BEGIN Data excerpt

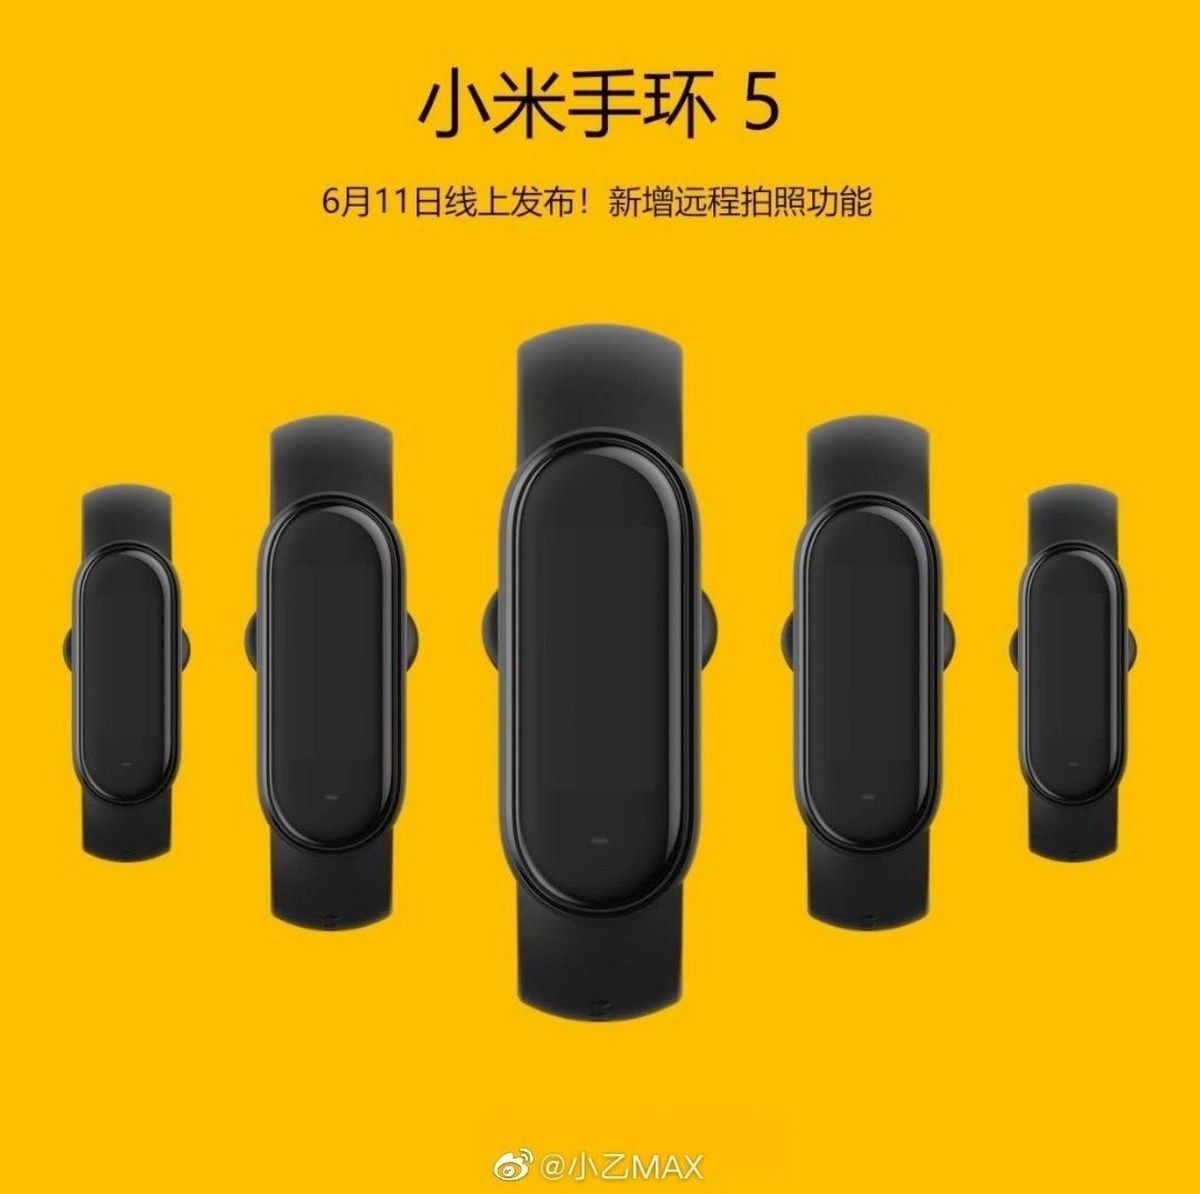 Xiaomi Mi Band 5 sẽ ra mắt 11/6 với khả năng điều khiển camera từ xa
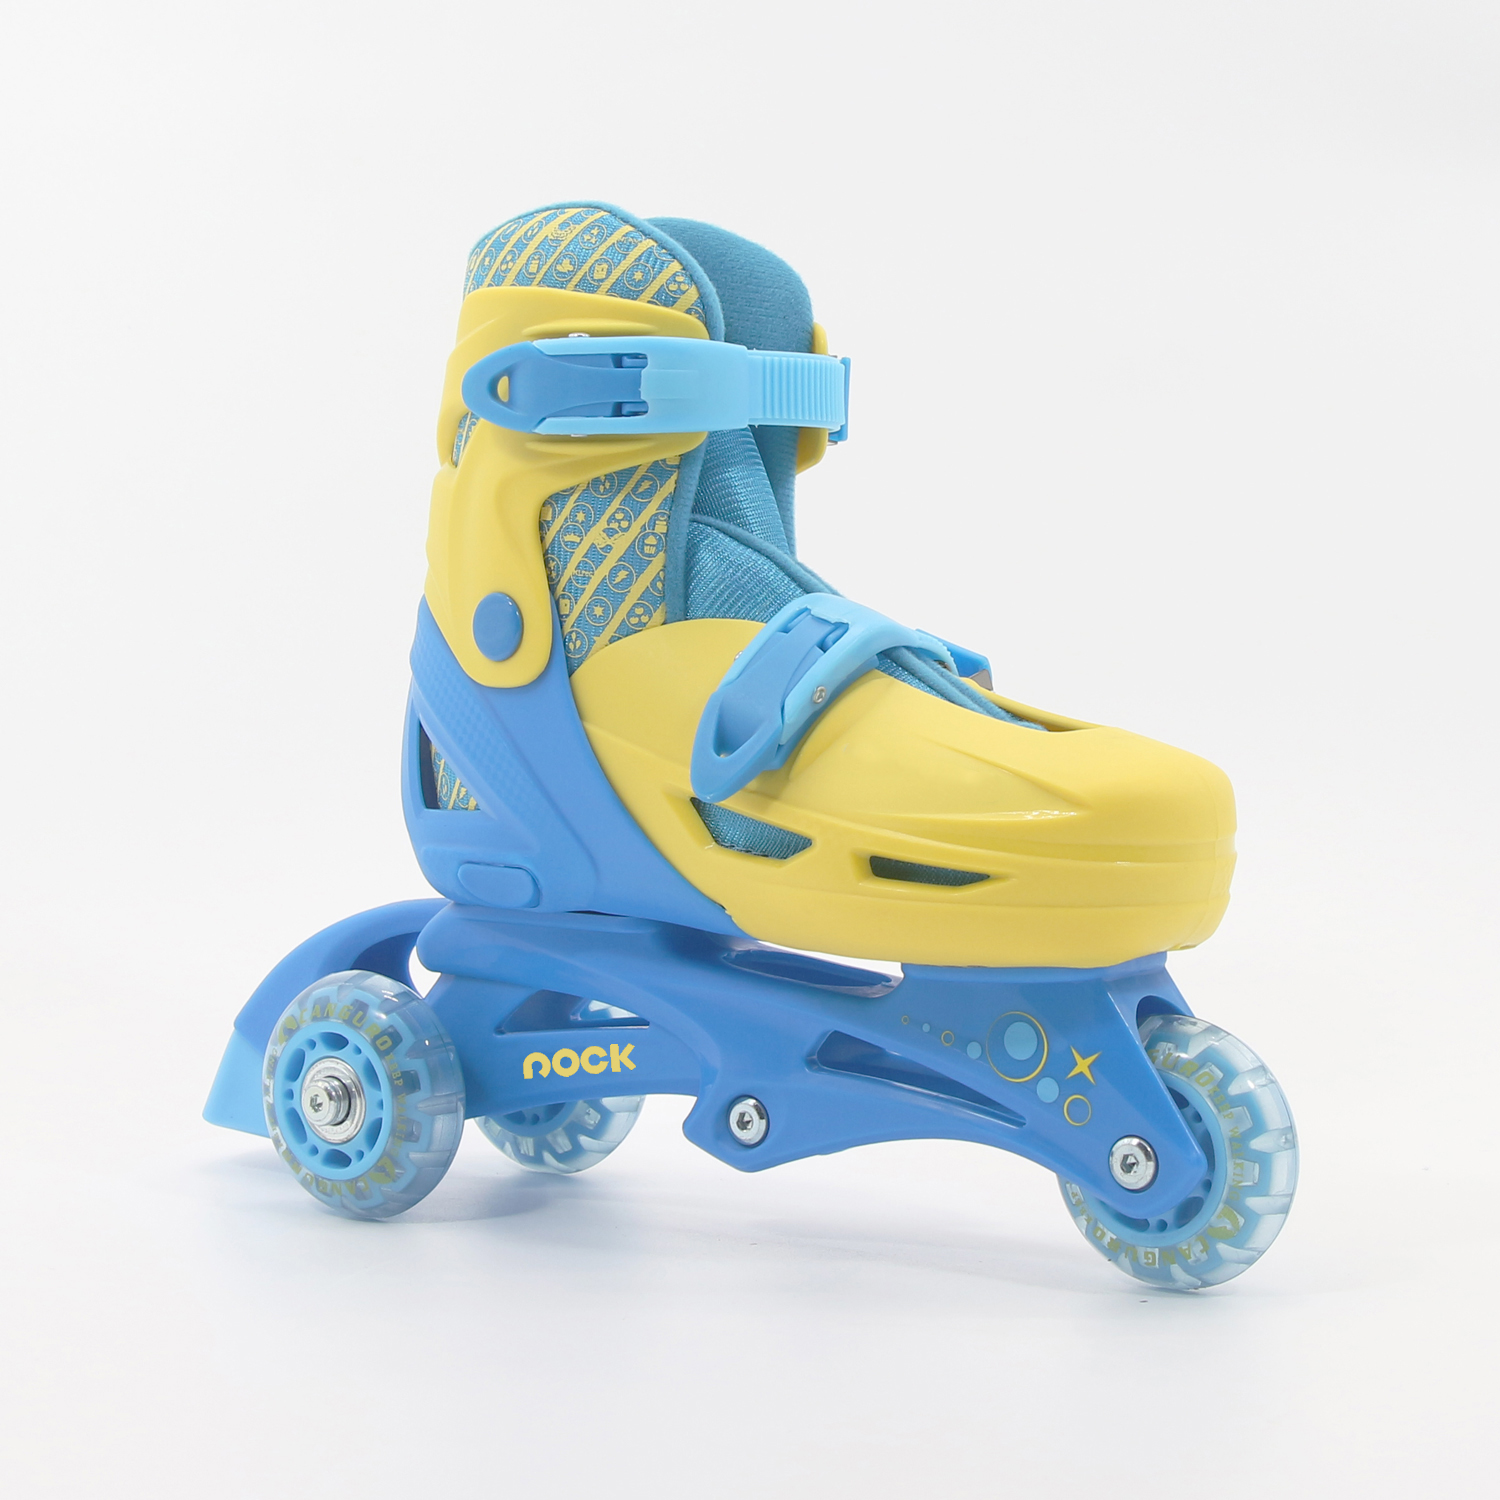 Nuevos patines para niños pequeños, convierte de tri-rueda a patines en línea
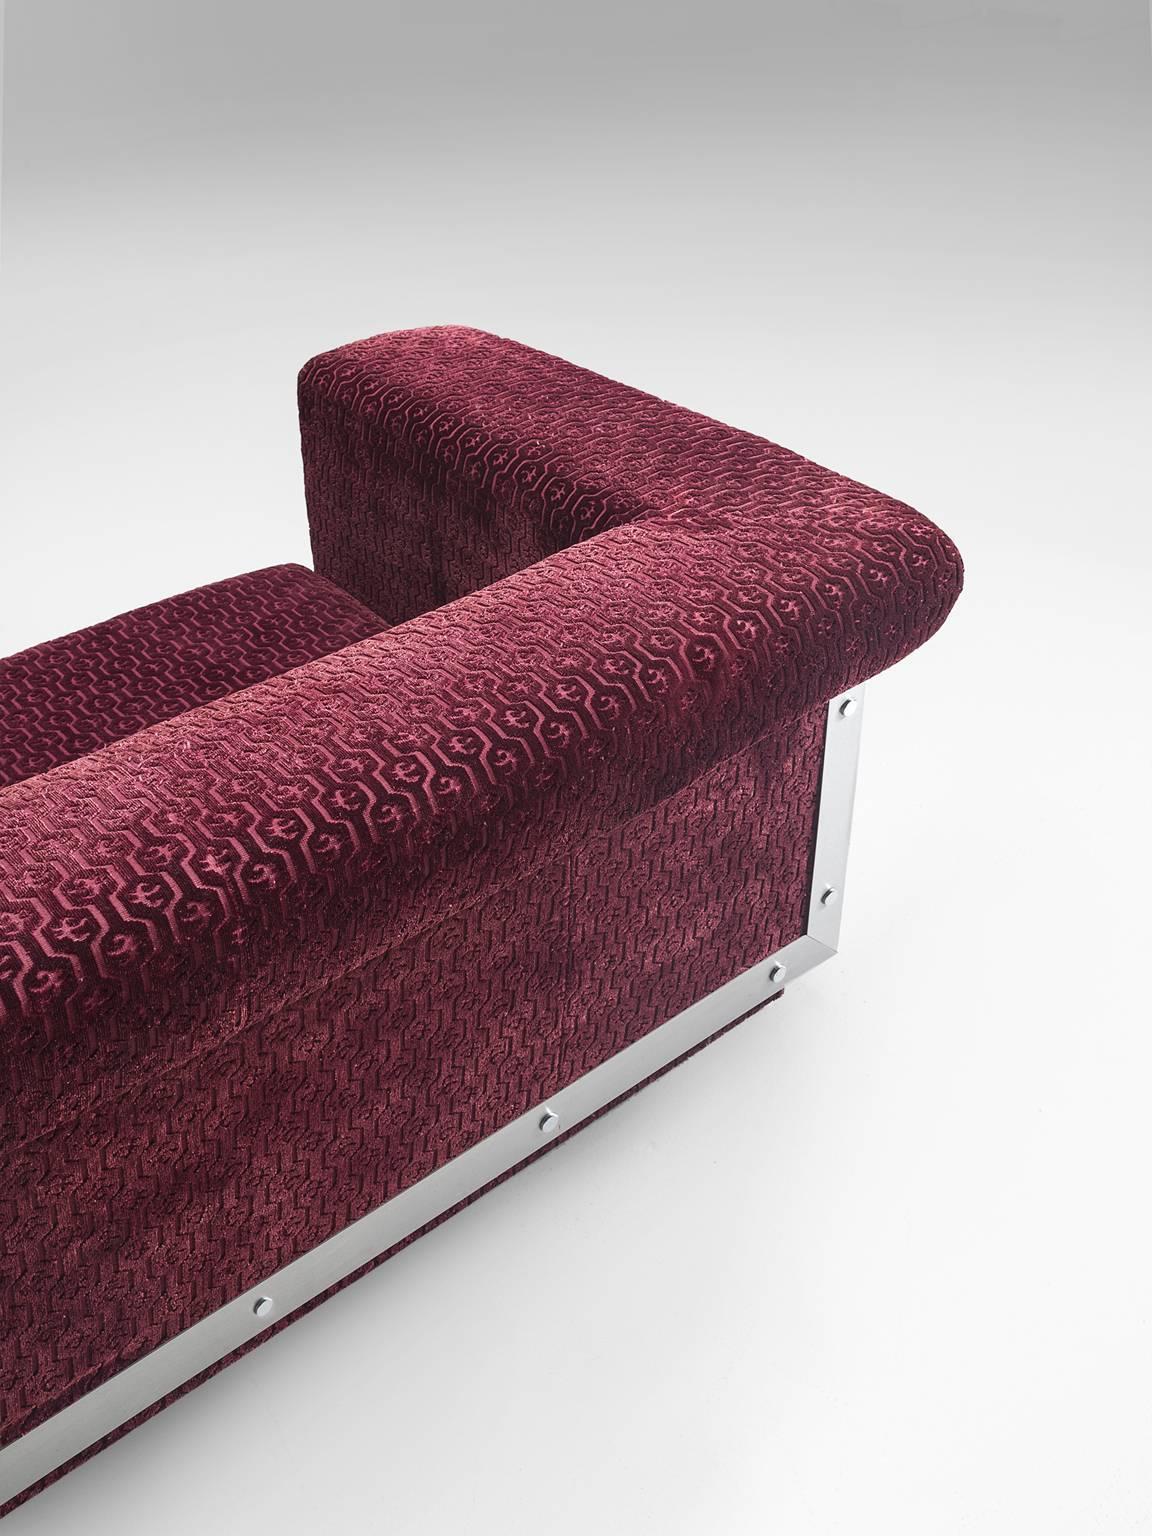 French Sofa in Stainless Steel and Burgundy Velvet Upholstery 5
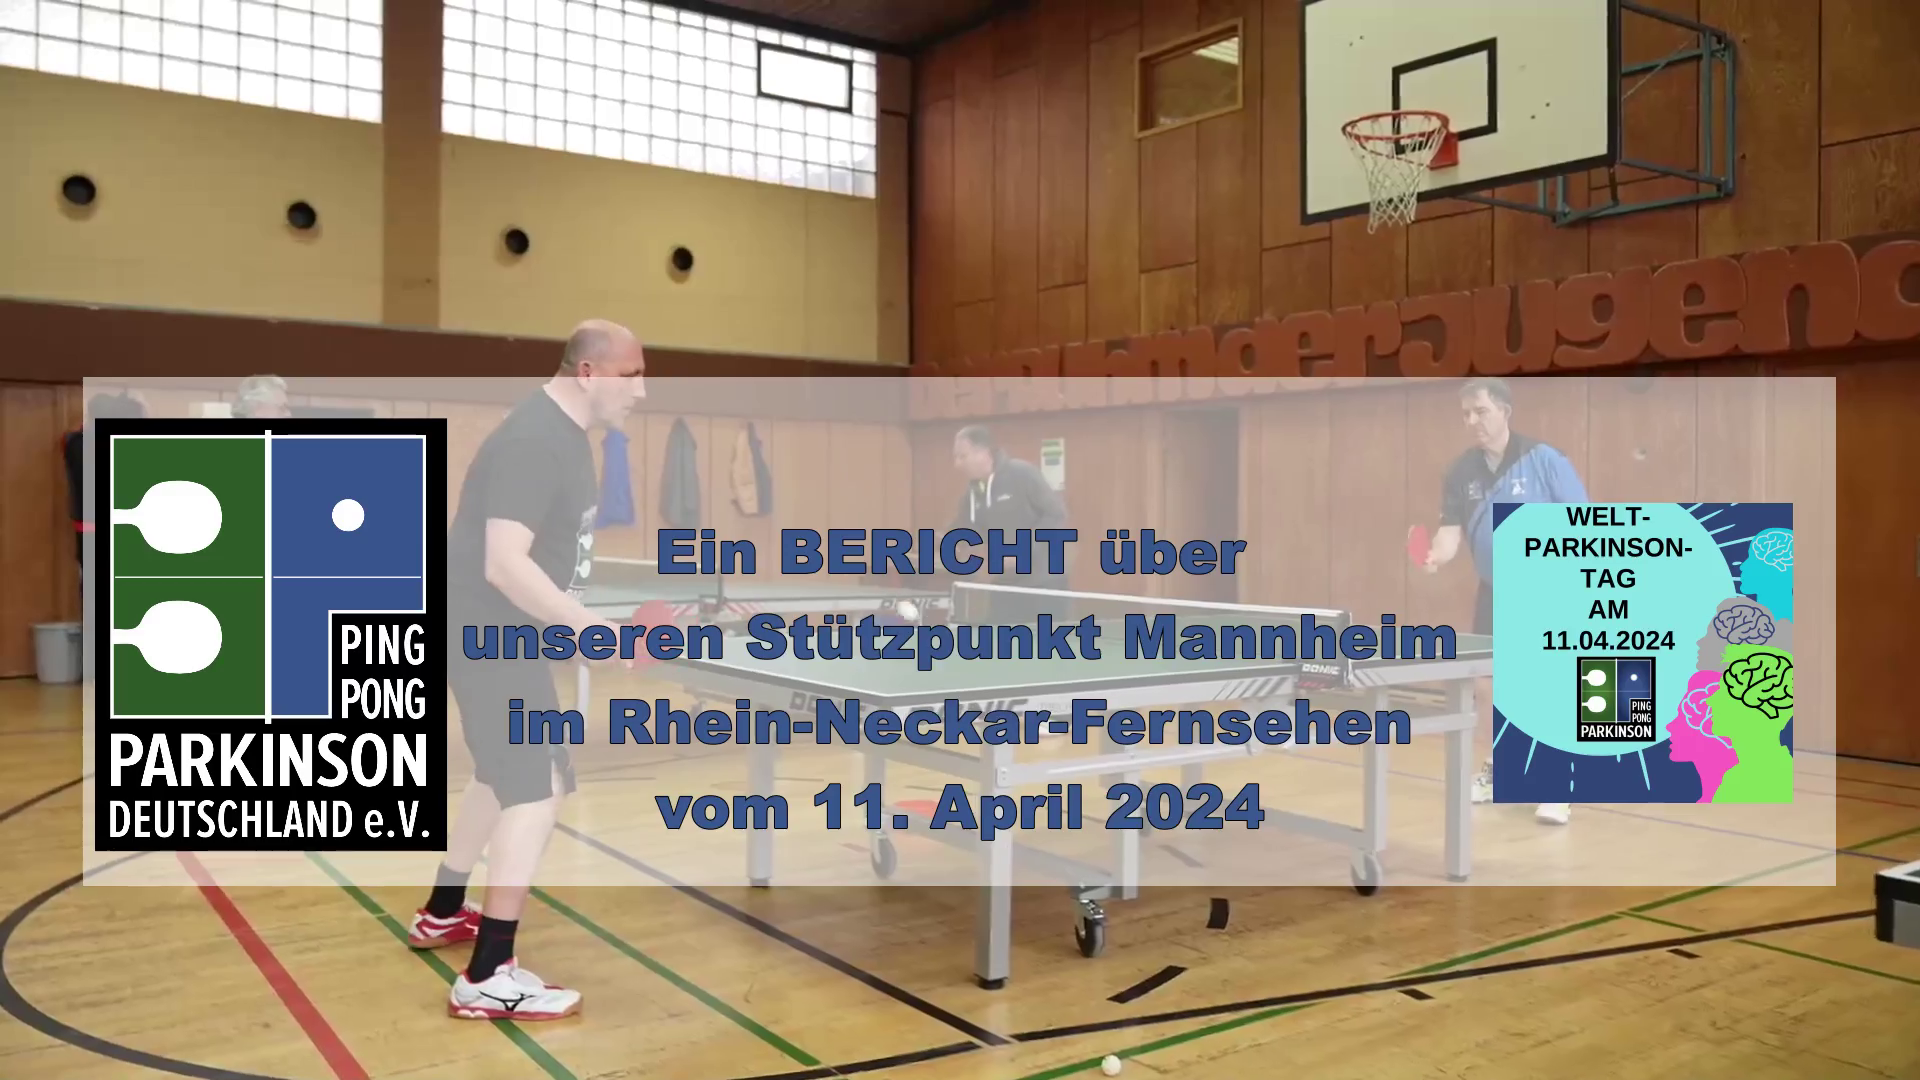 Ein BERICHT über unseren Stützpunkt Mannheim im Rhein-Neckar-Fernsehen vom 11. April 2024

END Data excerpt

- [About this exercise]: The entire listing above, minus its pictures, should be copied out exactly.

- [Answer to this problem]:
 Xiaomi Mi Band 5 sẽ ra mắt 11/6 với khả năng điều khiển camera từ xa
 Nuevos patines para niños pequeños, convierte de tri-rueda a patines en línea
 French Sofa in Stainless Steel and Burgundy Velvet Upholstery 5
 Ein BERICHT über unseren Stützpunkt Mannheim im Rhein-Neckar-Fernsehen vom 11. April 2024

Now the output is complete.